La théorie et les politiques de résilience environnementale attribuent à tort à l’individu la responsabilité de «rebondir» après une agression, car le sujet néolibéral est défini par sa capacité à endurer, plutôt qu’à transformer les conditions d’oppression qui l’entourent.
Les attaques continues d’Israël contre la vie des Palestiniens reposent en grande partie sur la perception de la communauté internationale selon laquelle les Palestiniens sont un peuple résilient, capable de survivre à la violence environnementale quotidienne. Au lieu de cela, le sumud offre une perspective alternative qui inspire la résistance ainsi que la persévérance, exigeant que les Palestiniens méritent plus que la simple survie.
Trois jours seulement après que les forces offensives israéliennes ont été filmées en train de remplir de ciment le puits d’Al-Hijrah, des colons se sont déchaînés dans le village voisin de Burin, incendiant des fermes palestiniennes. Face à la violence accrue des colons ciblant à la fois les Palestiniens et leurs terres, les politiques environnementales apolitiques telles que la plantation d’arbres et la conservation de l’eau s’avèrent futiles. Au lieu de cela, le sumud offre à la crise climatique une réponse adaptative et axée sur la justice.
Non seulement Israël crée les luttes environnementales auxquelles les Palestiniens sont confrontés à travers ses pratiques militaires polluantes et de déversement de déchets, mais il aggrave leurs effets à travers son occupation, puis criminalise les solutions et les infrastructures nécessaires pour y répondre. Par conséquent, survivre et s’adapter au changement environnemental fait désormais partie d’une stratégie délibérée qui constitue le fondement d’une résistance proactive contre l’occupation.

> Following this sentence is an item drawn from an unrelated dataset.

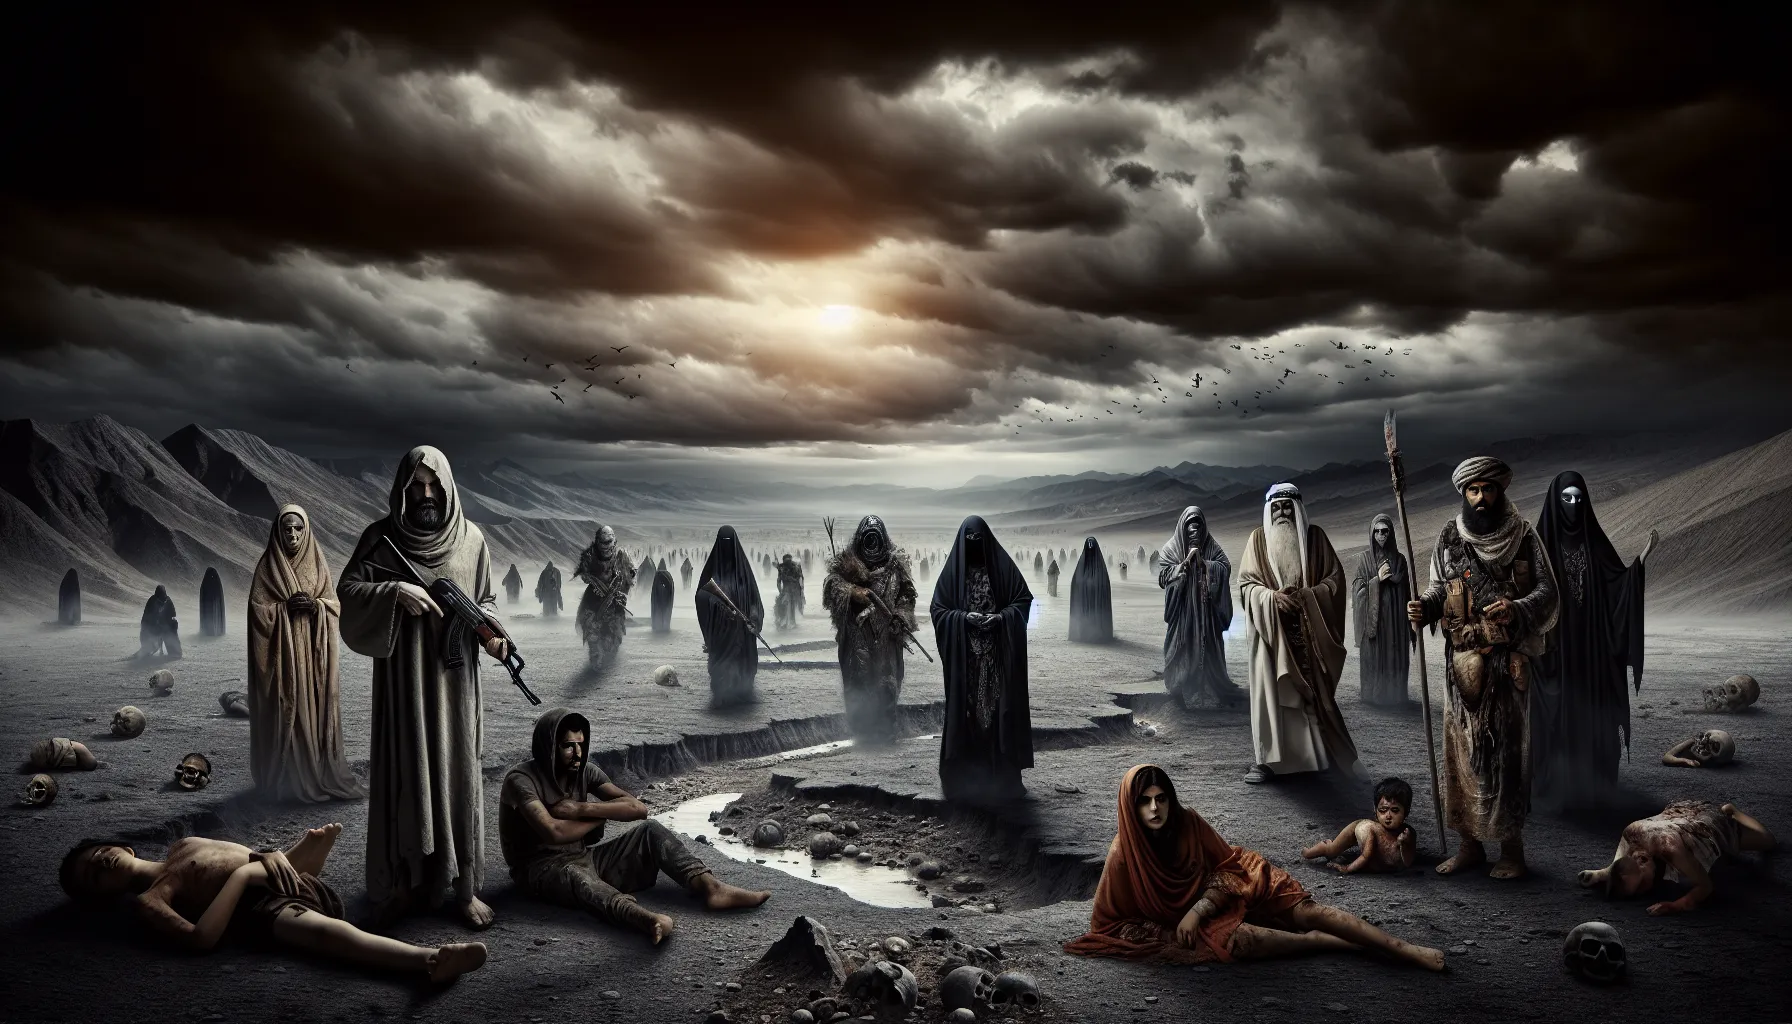 Representación gráfica de un paisaje desolado con personajes apocalípticos, simbolizando el fin del mundo y el juicio final.

La résilience, même dans ses itérations les plus radicales, ne rend pas compte de la résistance des communautés alors qu’elles cherchent à réorganiser les relations de pouvoir qui conduisent à leur effacement. Au-delà de l’endurance passive, le sumud est une valeur palestinienne issue de la résistance culturelle populaire et qui reste fondamentalement anticoloniale après avoir survécu à de nombreuses tentatives de cooptation dans des discours institutionnalisés.